Print the listing below a second time, exactly, and omit its images.

SUPPLIED INFORMATION |

§ §

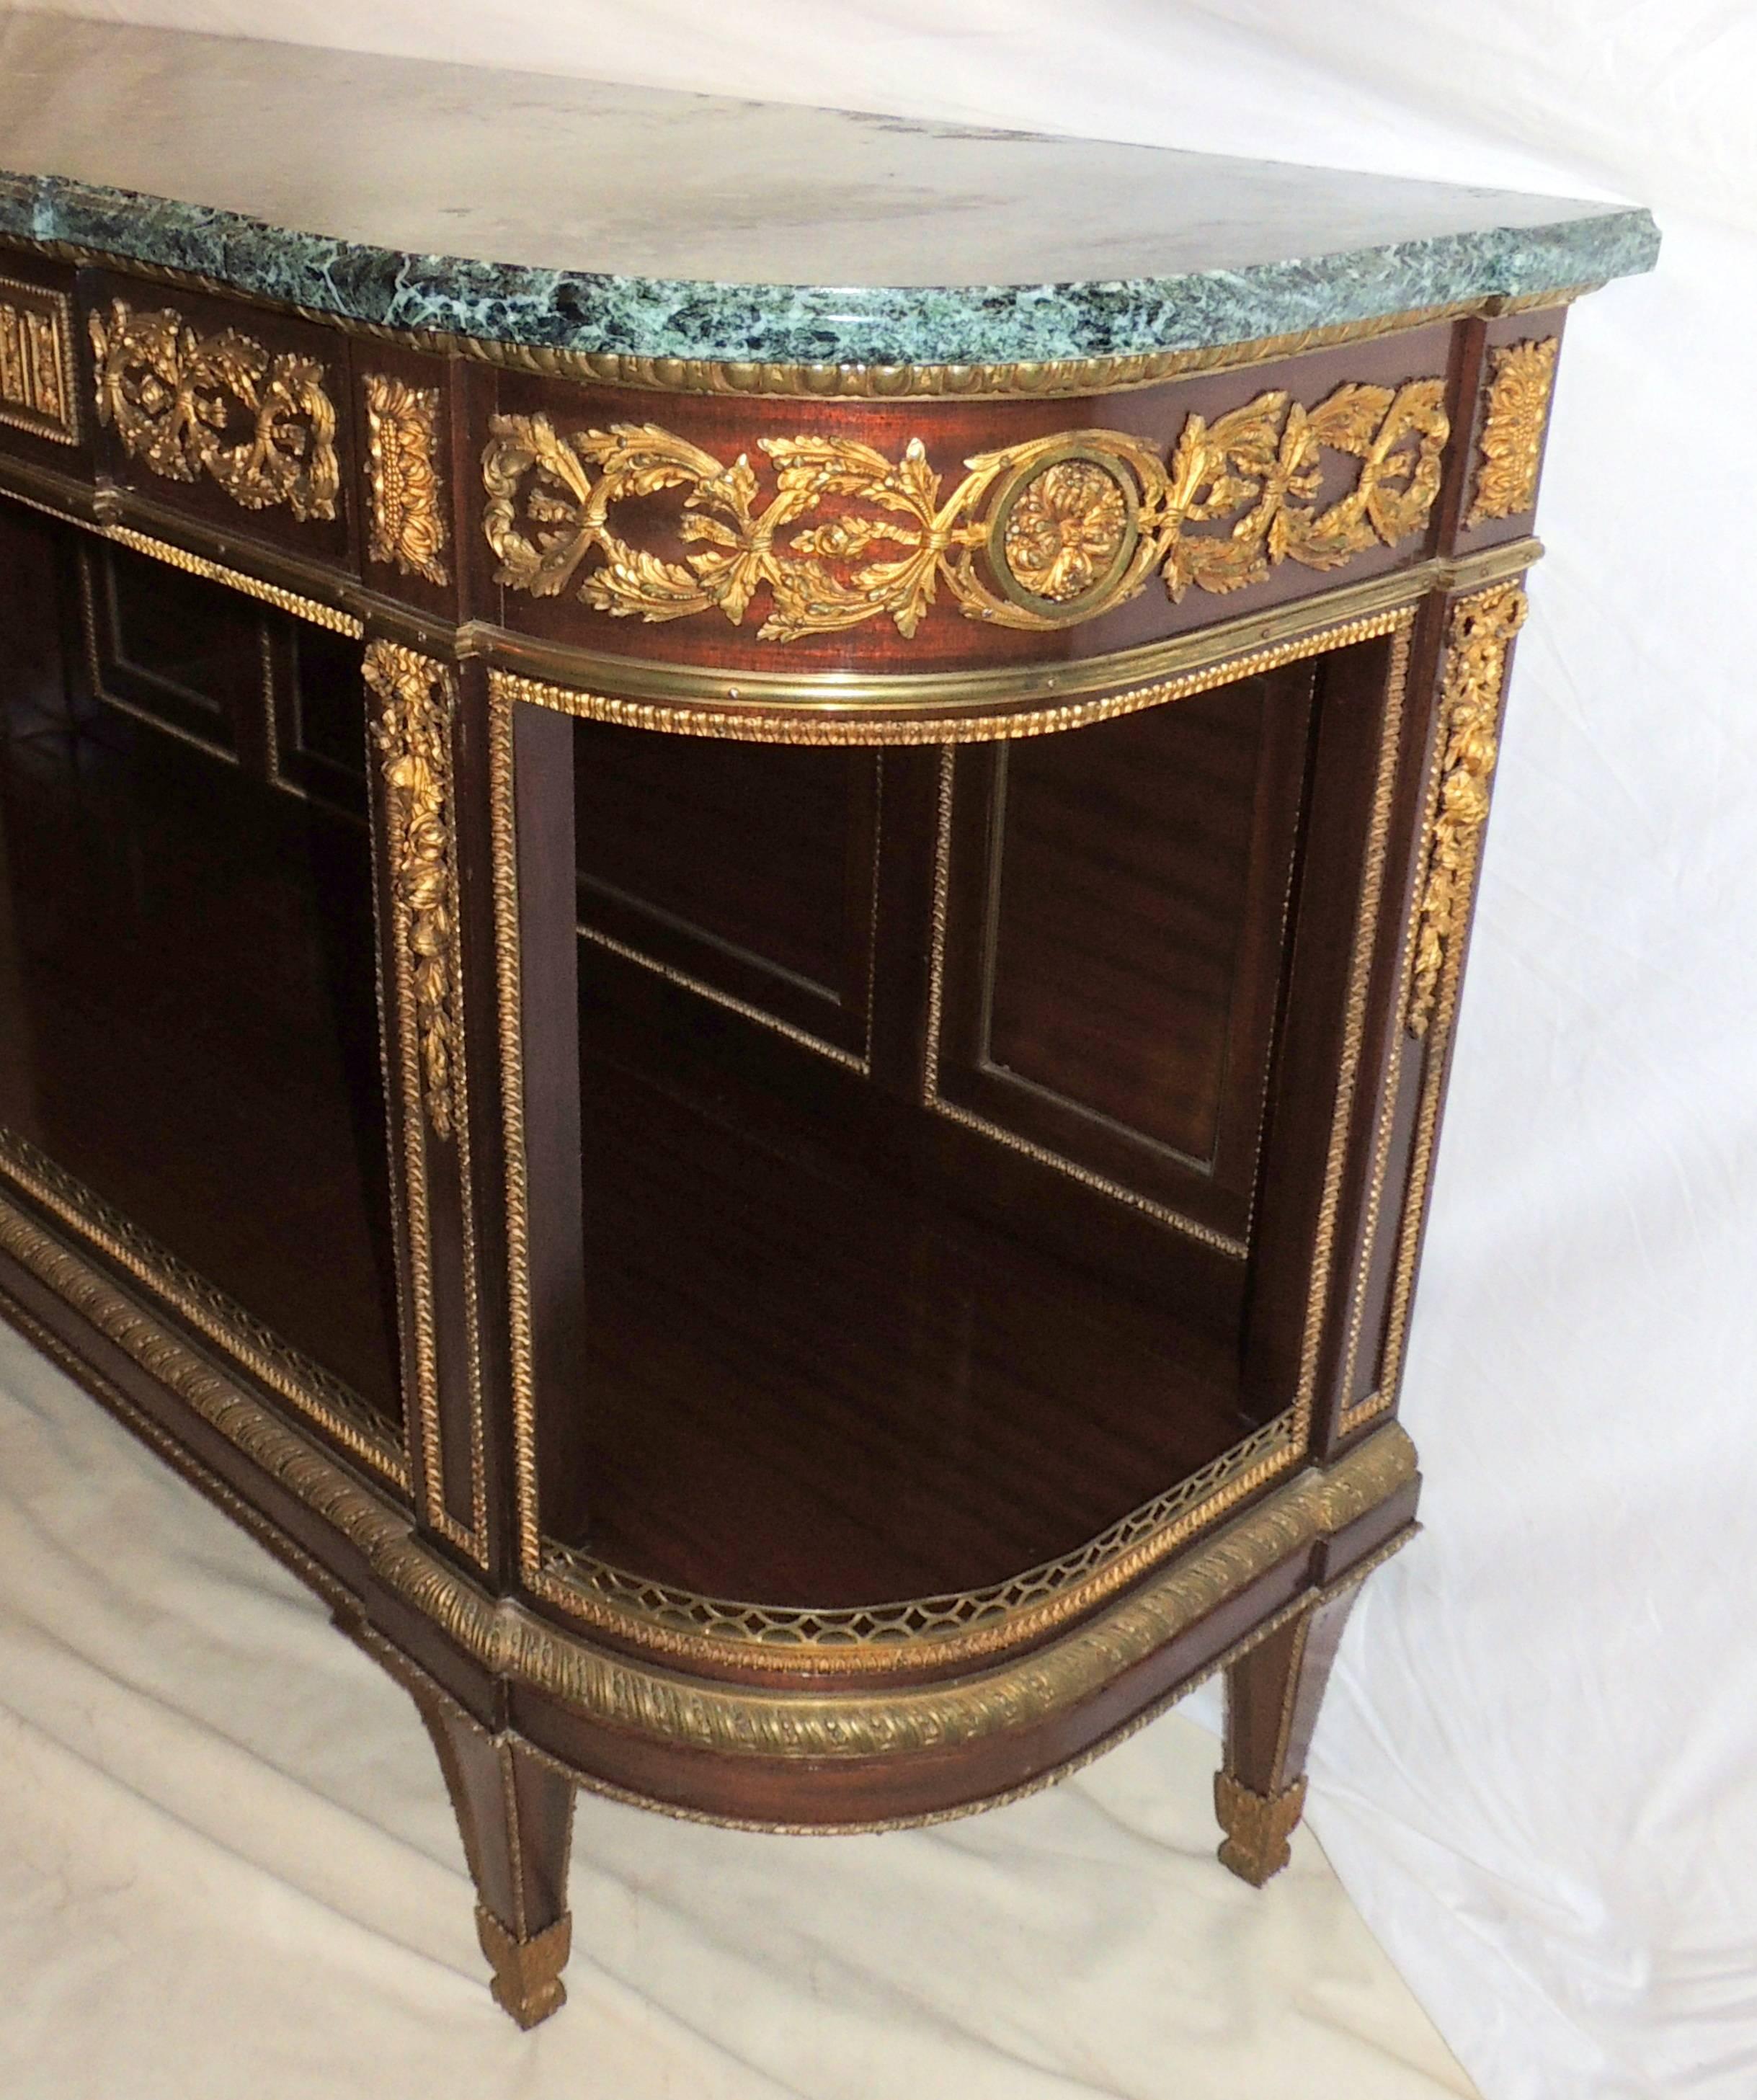 Mid-20th Century Fine French Ormolu Bronze-Mounted Marble-Top Dessert Demilune Console Sideboard
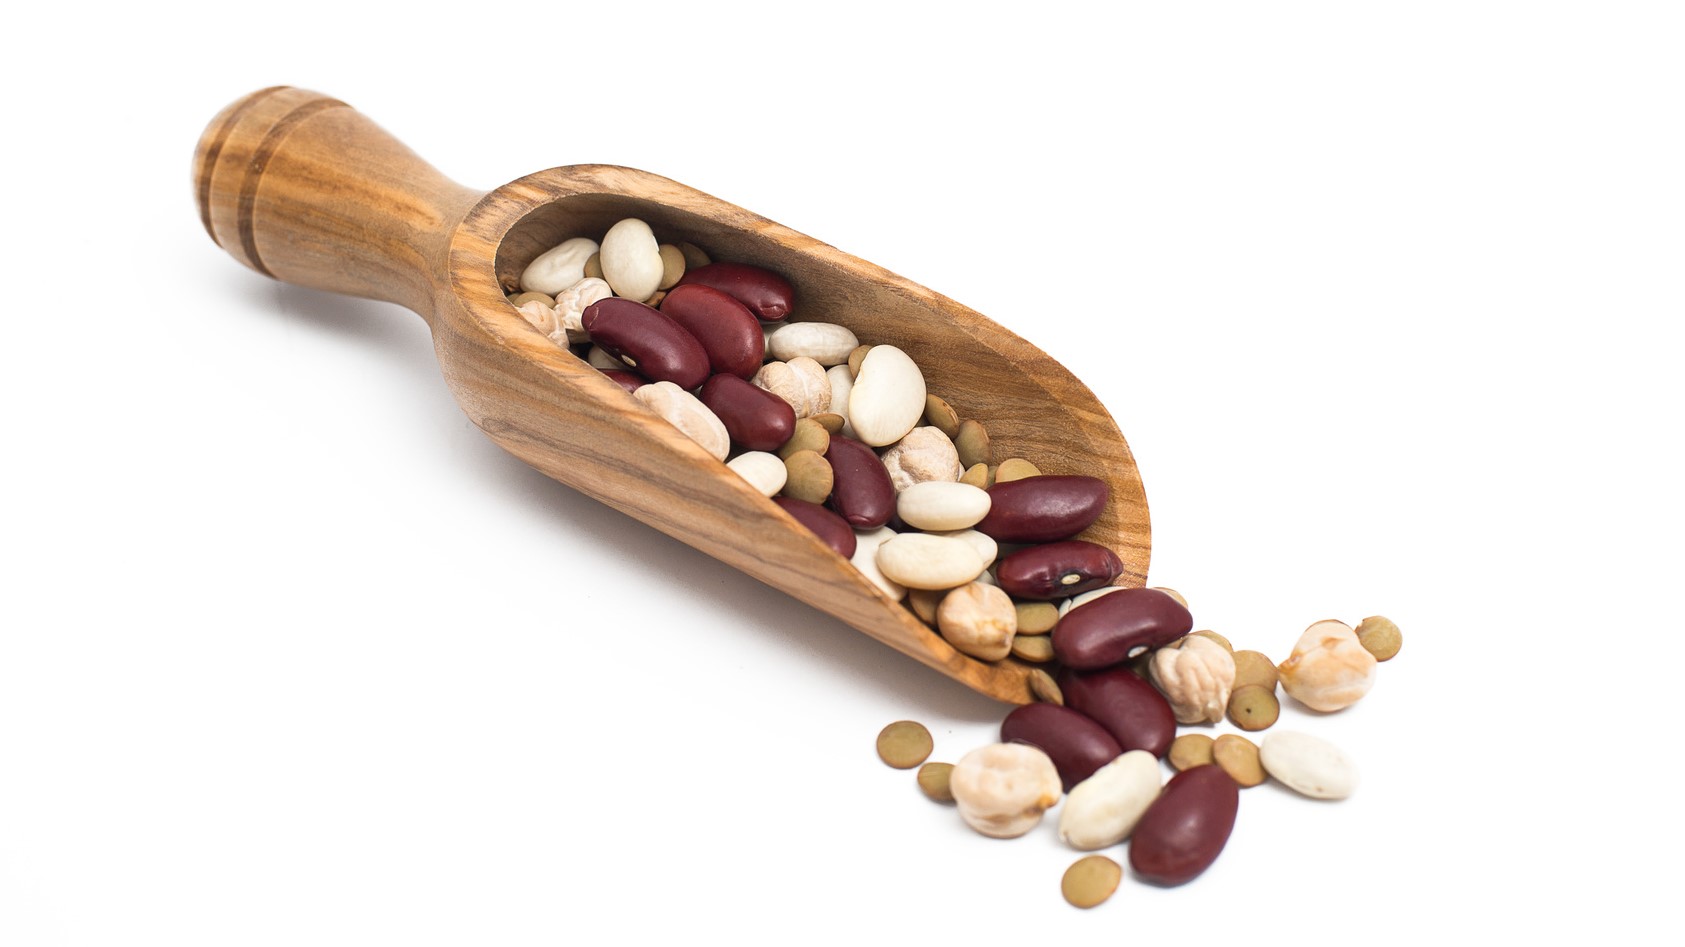 Picture of legumes in wooden scoop on white background.
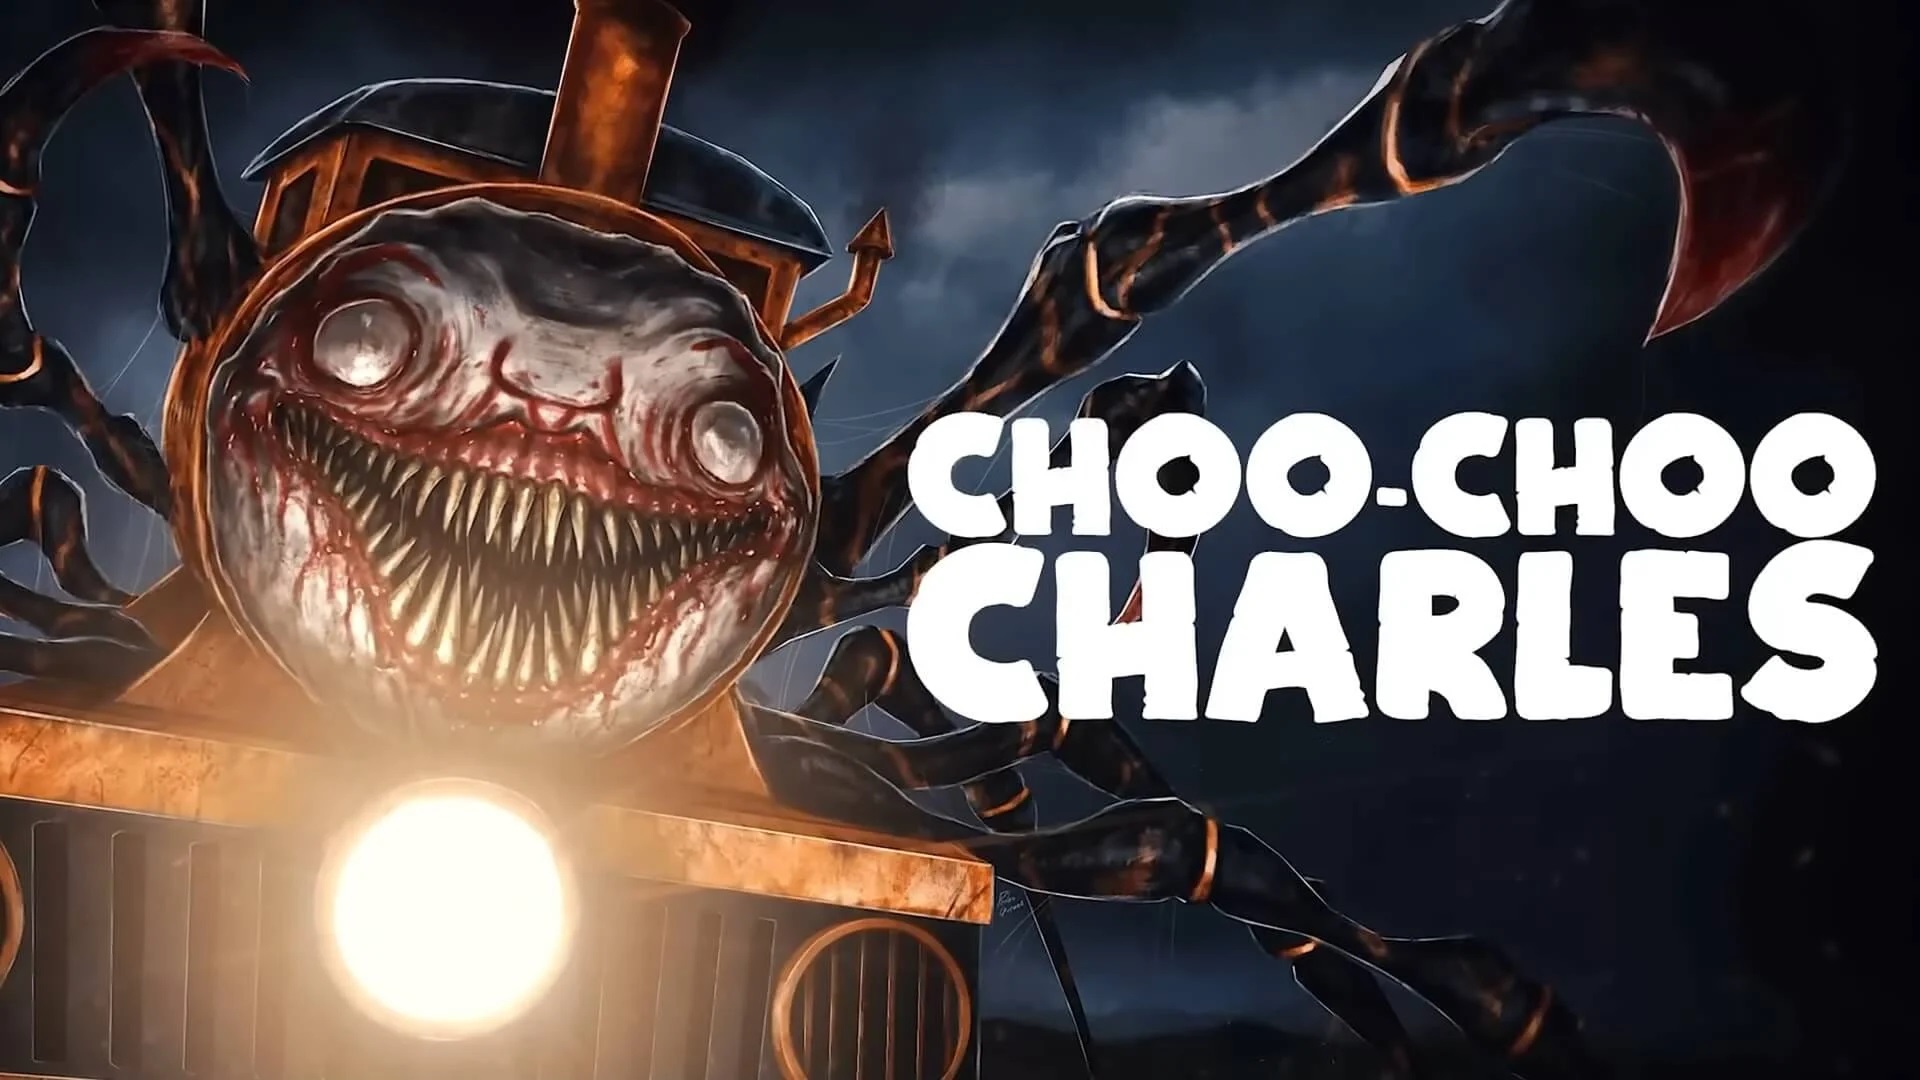 Choo-Choo Charles FULL GAME & ENDING - a Spider Train named Charles is  after you

§ §

EXPECTED OUTPUT |
 Mid-20th Century Fine French Ormolu Bronze-Mounted Marble-Top Dessert Demilune Console Sideboard
 Picture of legumes in wooden scoop on white background.
 Choo-Choo Charles FULL GAME & ENDING - a Spider Train named Charles is  after you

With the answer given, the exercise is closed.